### YOUR OBJECTIVE
You are asked to copy the entire listing exactly, apart from its pictures.

### STORED DATA
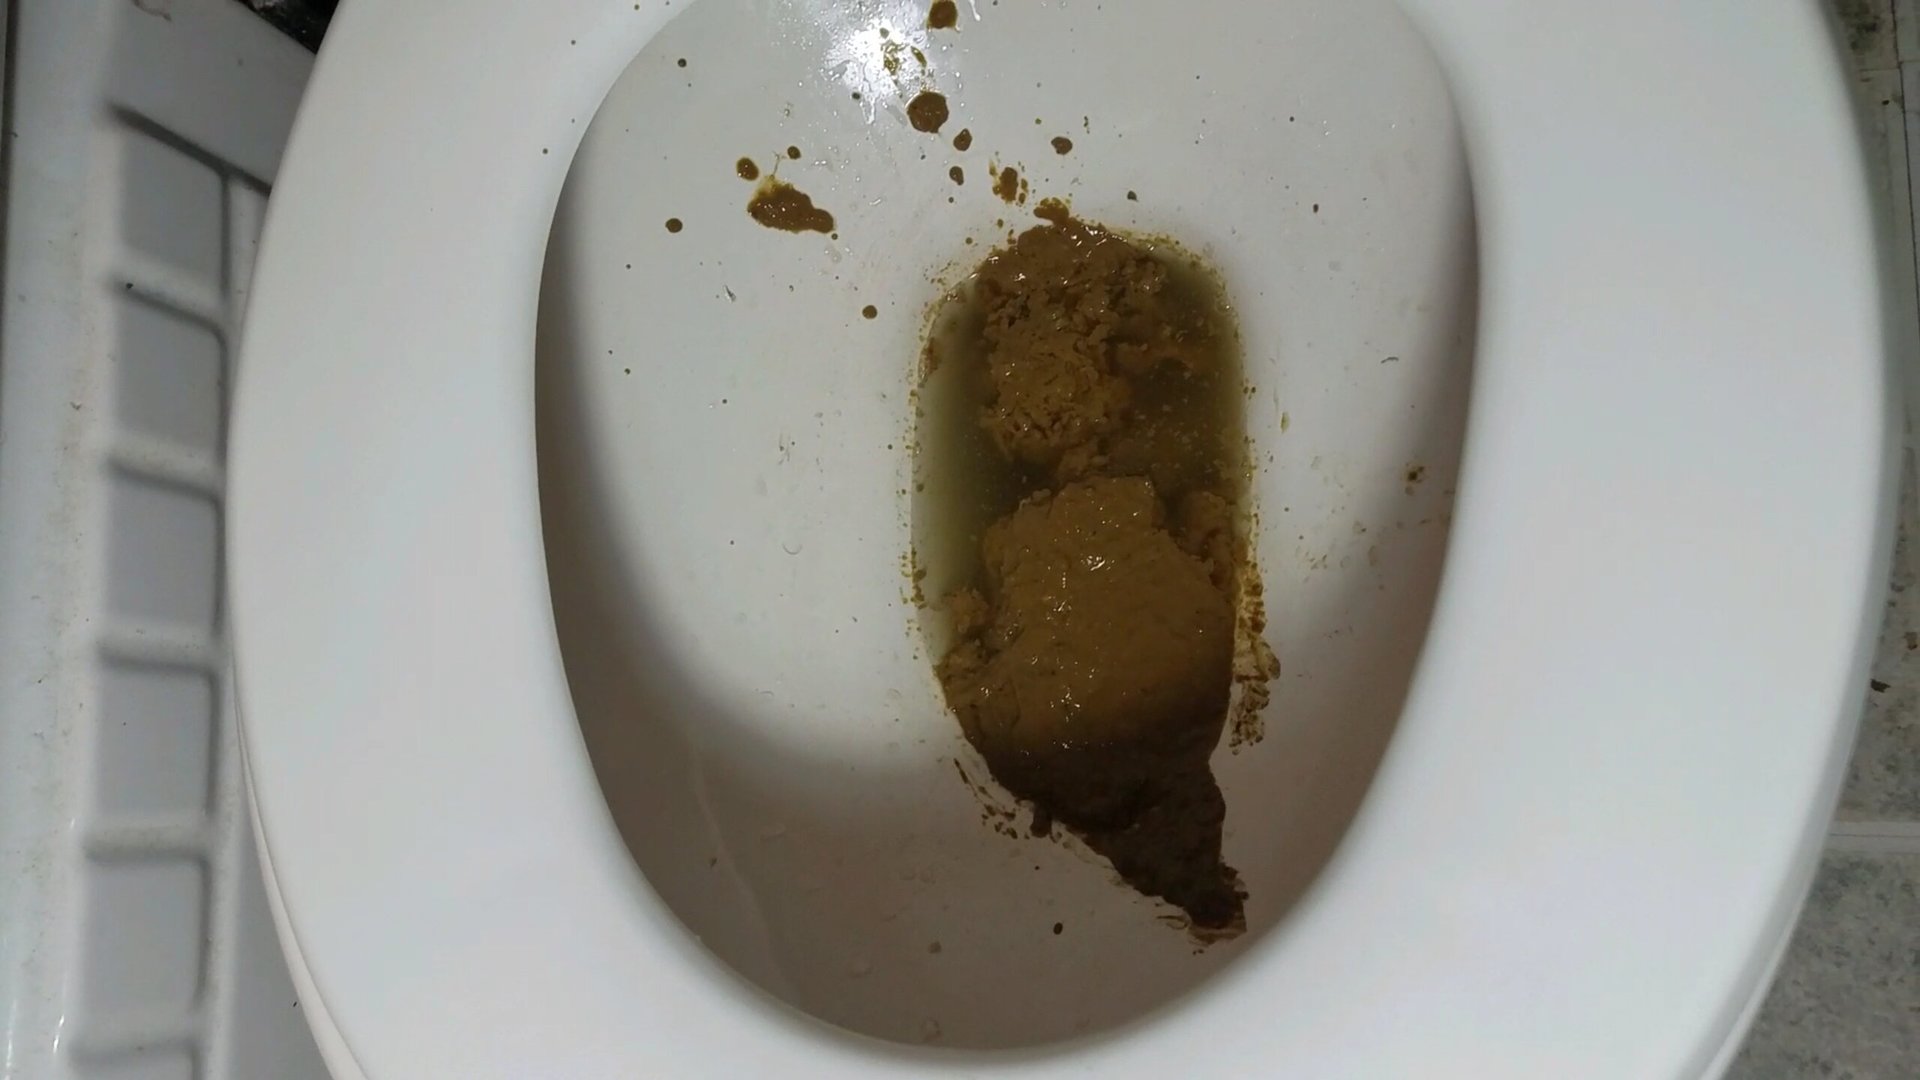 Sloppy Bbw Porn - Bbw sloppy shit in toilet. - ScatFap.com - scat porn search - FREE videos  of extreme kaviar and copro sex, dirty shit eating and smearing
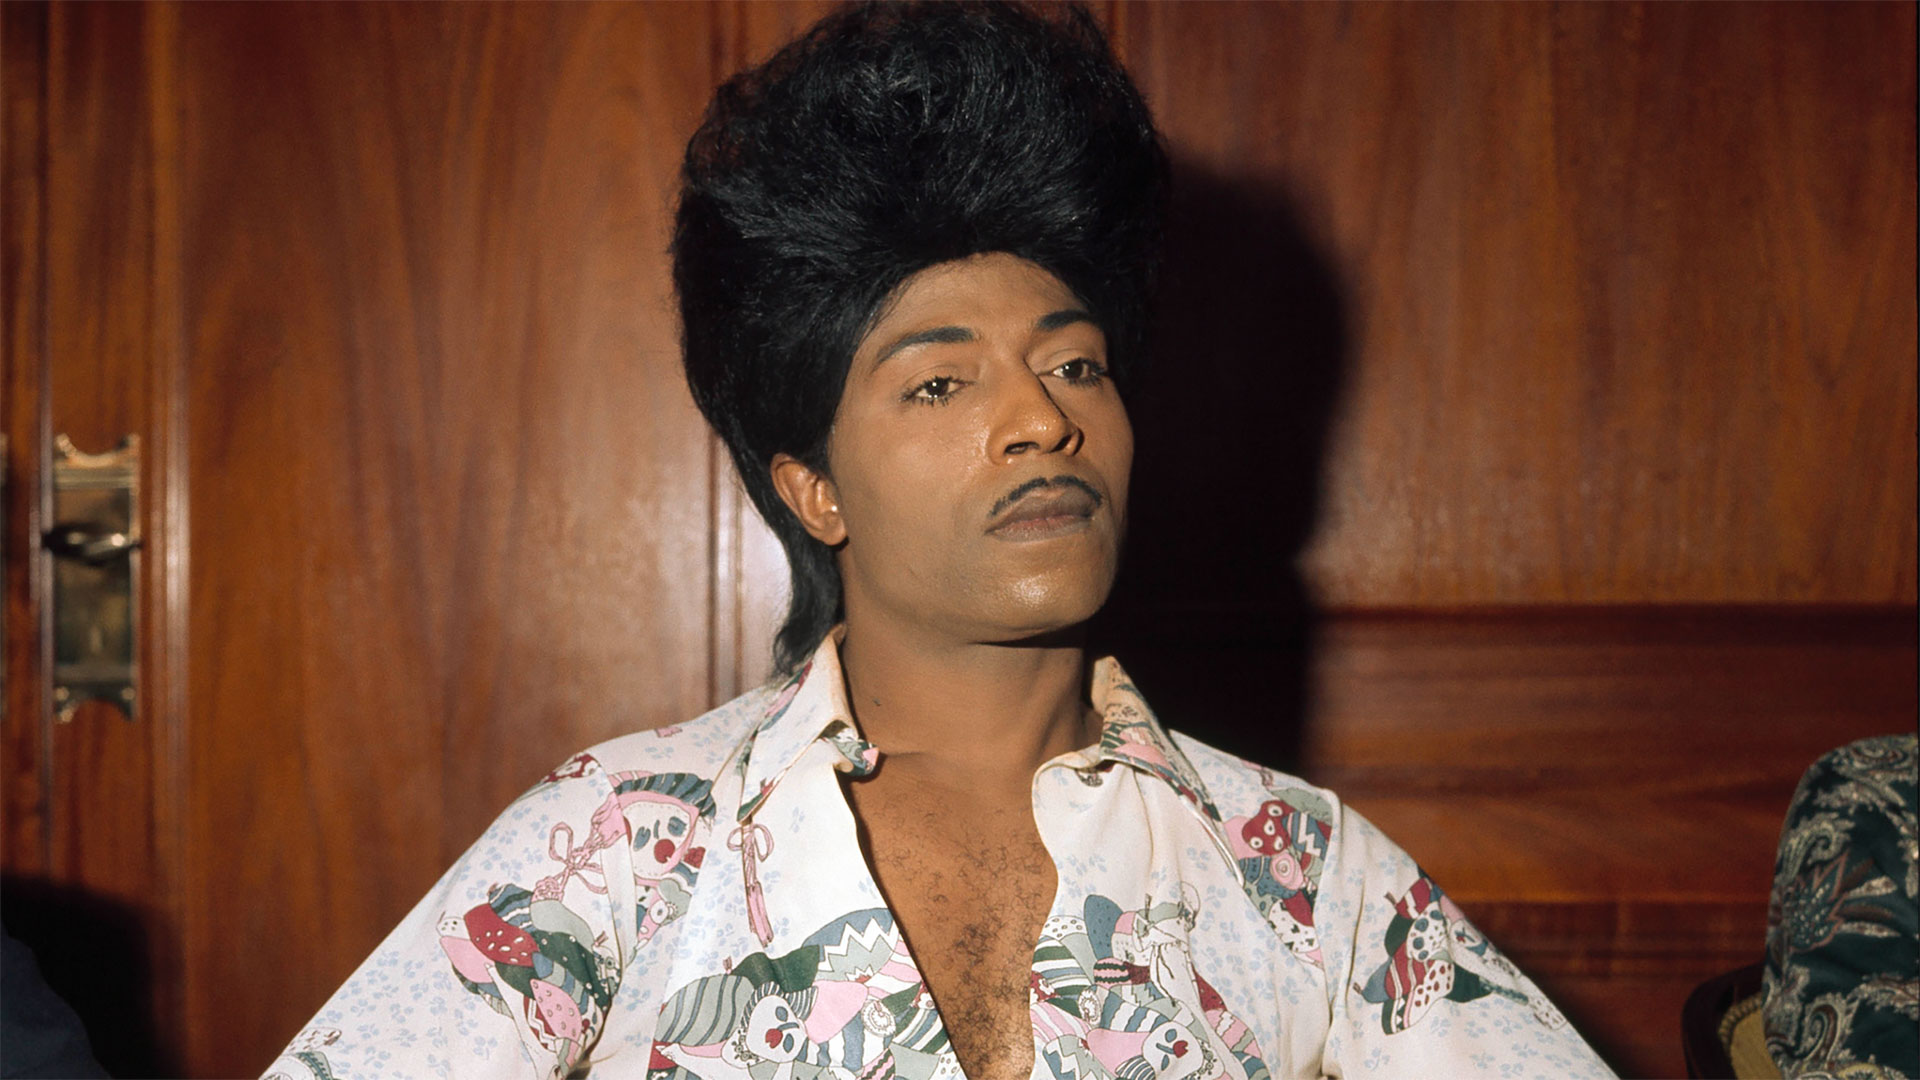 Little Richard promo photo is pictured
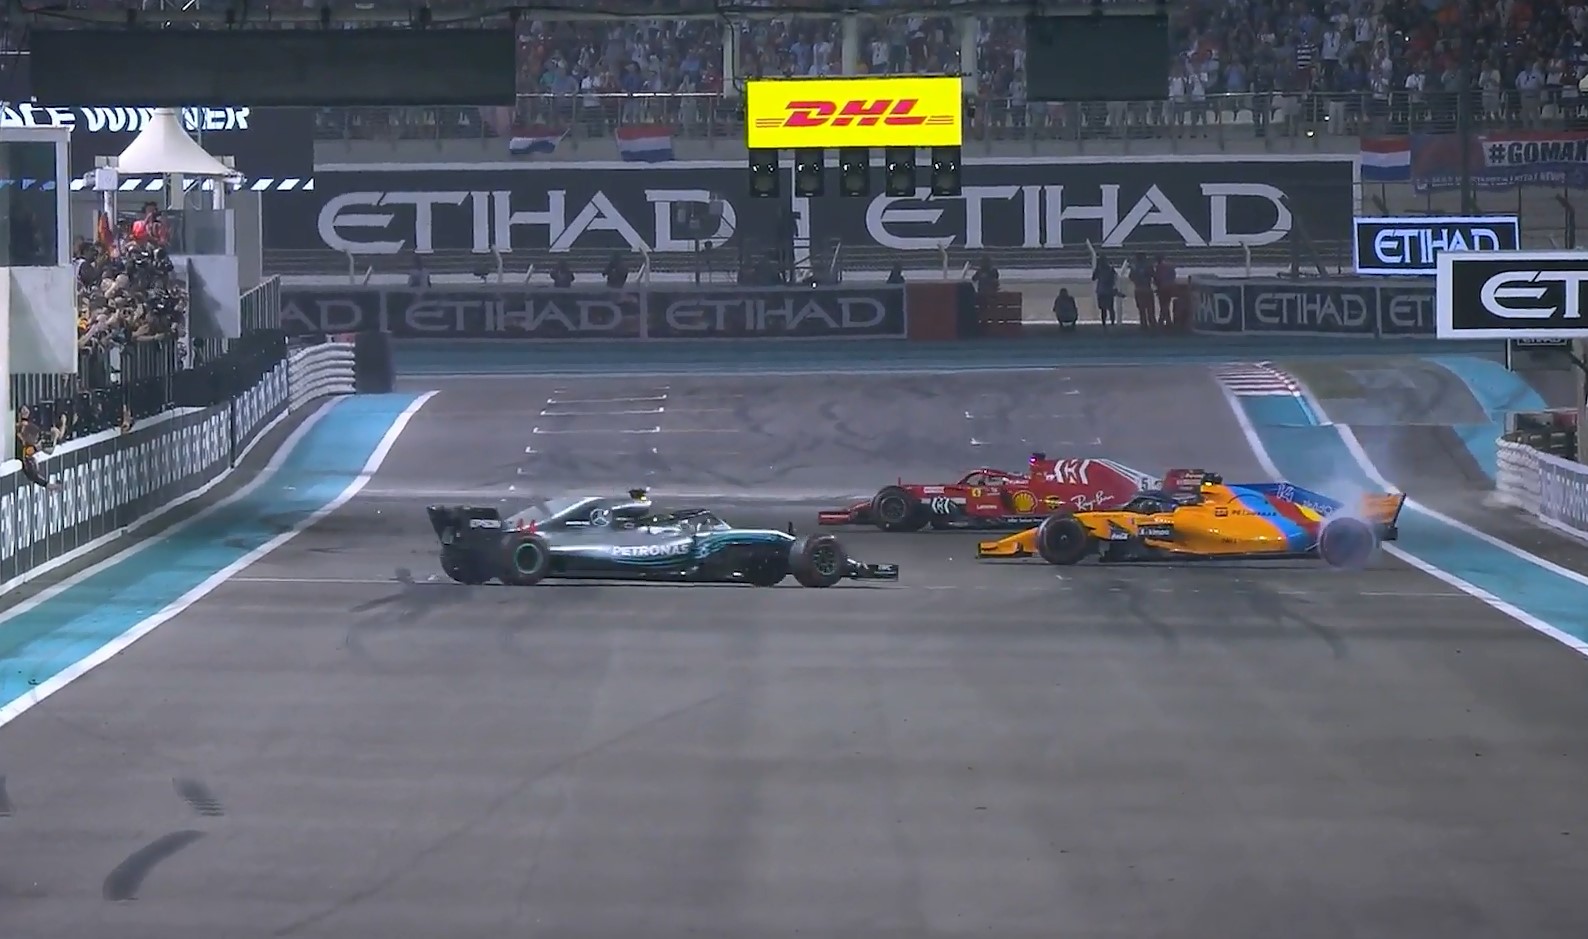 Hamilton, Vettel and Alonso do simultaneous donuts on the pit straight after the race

### EXERCISE RESPONSE
 Sloppy Bbw Porn - Bbw sloppy shit in toilet. - ScatFap.com - scat porn search - FREE videos  of extreme kaviar and copro sex, dirty shit eating and smearing
 Little Richard promo photo is pictured
 Hamilton, Vettel and Alonso do simultaneous donuts on the pit straight after the race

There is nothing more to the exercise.